Target Azure Cosmos DB for JSON output from Stream Analytics

Stream Analytics can target Azure Cosmos DB for JSON output, enabling data archiving and low-latency queries on unstructured JSON data. This document covers some best practices for implementing this configuration.

For those who are unfamiliar with Cosmos DB, take a look at Azure Cosmos DB’s learning path to get started.

Basics of Cosmos DB as an output target

The Azure Cosmos DB output in Stream Analytics enables writing your stream processing results as JSON output into your Cosmos DB collection(s). Stream Analytics does not create collections in your database, instead requiring you to create them upfront. This is so that the billing costs of Cosmos DB collections are transparent to you, and so that you can tune the performance, consistency and capacity of your collections directly using the Cosmos DB APIs. We recommend using one Cosmos DB Database per streaming job to logically separate your collections for a streaming job.

Some of the Cosmos DB collection options are detailed below.

Tune consistency, availability, and latency

To match your application requirements, Cosmos DB allows you to fine tune the database and collections and make trade-offs between consistency, availability and latency. Depending on what levels of read consistency your scenario needs against read and write latency, you can choose a consistency level on your database account. Also by default, Cosmos DB enables synchronous indexing on each CRUD operation to your collection. This is another useful option to control the write/read performance in Cosmos DB. For further information on this topic, review the change your database and query consistency levels article.

Upserts from Stream Analytics

Stream Analytics integration with Cosmos DB allows you to insert or update records in your Cosmos DB collection based on a given Document ID column. This is also referred to as an Upsert.

Stream Analytics utilizes an optimistic Upsert approach, where updates are only done when insert fails due to a Document ID conflict. This update is performed by Stream Analytics as a PATCH, so it enables partial updates to the document, i.e. addition of new properties or replacing an existing property is performed incrementally. Note that changes in the values of array properties in your JSON document result in the entire array getting overwritten, i.e. the array is not merged.
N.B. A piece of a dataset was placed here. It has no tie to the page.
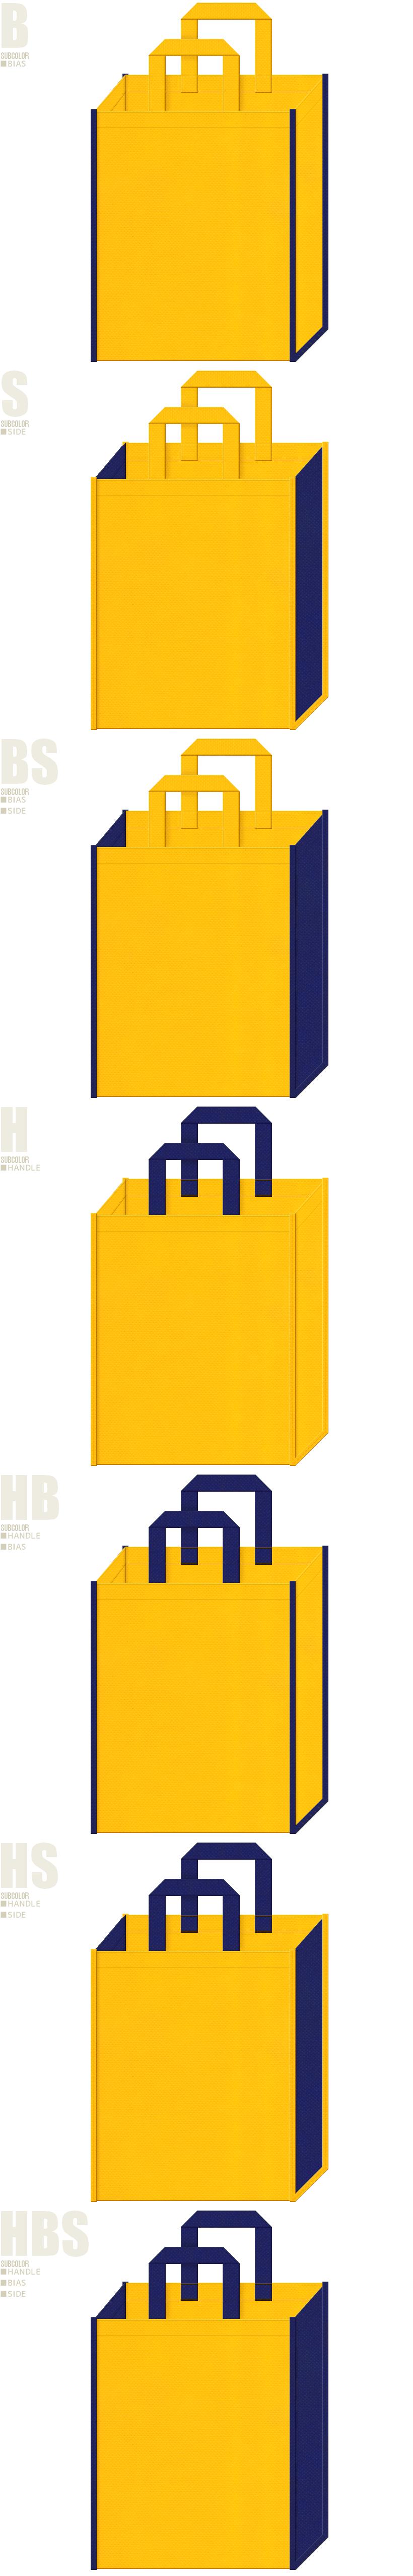 電気・通信・アウトドア・キャンプ用品にお奨めの不織布バッグデザイン:黄色と明るい紺色の不織布バッグ配色7パターン。緑色の印刷でブラジル風配色にも。

Data partitioning in Cosmos DB

Cosmos DB partitioned collections are the recommended approach for partitioning your data.

For single Cosmos DB collections, Stream Analytics still allows you to partition your data based on both the query patterns and performance needs of your application. Each collection may contain up to 10GB of data (maximum) and currently there is no way to scale up (or overflow) a collection. For scaling out, Stream Analytics allows you to write to multiple collections with a given prefix (see usage details below). Stream Analytics uses the consistent Hash Partition Resolver strategy based on the user provided PartitionKey column to partition its output records. The number of collections with the given prefix at the streaming job’s start time is used as the output partition count, to which the job writes to in parallel (Cosmos DB Collections = Output Partitions). For a single collection with lazy indexing doing only inserts, about 0.4 MB/s write throughput can be expected. Using multiple collections can allow you to achieve higher throughput and increased capacity.

If you intend to increase the partition count in the future, you may need to stop your job, repartition the data from your existing collections into new collections and then restart the Stream Analytics job. More details on using PartitionResolver and re-partitioning along with sample code, will be included in a follow-up post. The article Partitioning and scaling in Cosmos DB also provides details on this.

Cosmos DB settings for JSON output

Creating Cosmos DB as an output in Stream Analytics generates a prompt for information as seen below. This section provides an explanation of the properties definition.

Partitioned Collection Multiple “Single Partition” collections
documentdb stream analytics output screen documentdb stream analytics output screen

The Multiple “Single Partition” collections scenario requires a partition key and is a supported configuration.

  • Output Alias – An alias to refer this output in your ASA query
  • Account Name – The name or endpoint URI of the Cosmos DB account.
  • Account Key – The shared access key for the Cosmos DB account.
  • Database – The Cosmos DB database name.
  • Collection Name Pattern – The collection name or their pattern for the collections to be used. The collection name format can be constructed using the optional {partition} token, where partitions start from 0. Following are sample valid inputs:
    1) MyCollection – One collection named “MyCollection” must exist.
    2) MyCollection{partition} – Such collections must exist– "MyCollection0”, “MyCollection1”, “MyCollection2” and so on.
  • Partition Key – Optional. This is only needed if you are using a {parition} token in your collection name pattern. The name of the field in output events used to specify the key for partitioning output across collections. For single collection output, any arbitrary output column can be used e.g. PartitionId.
  • Document ID – Optional. The name of the field in output events used to specify the primary key on which insert or update operations are based.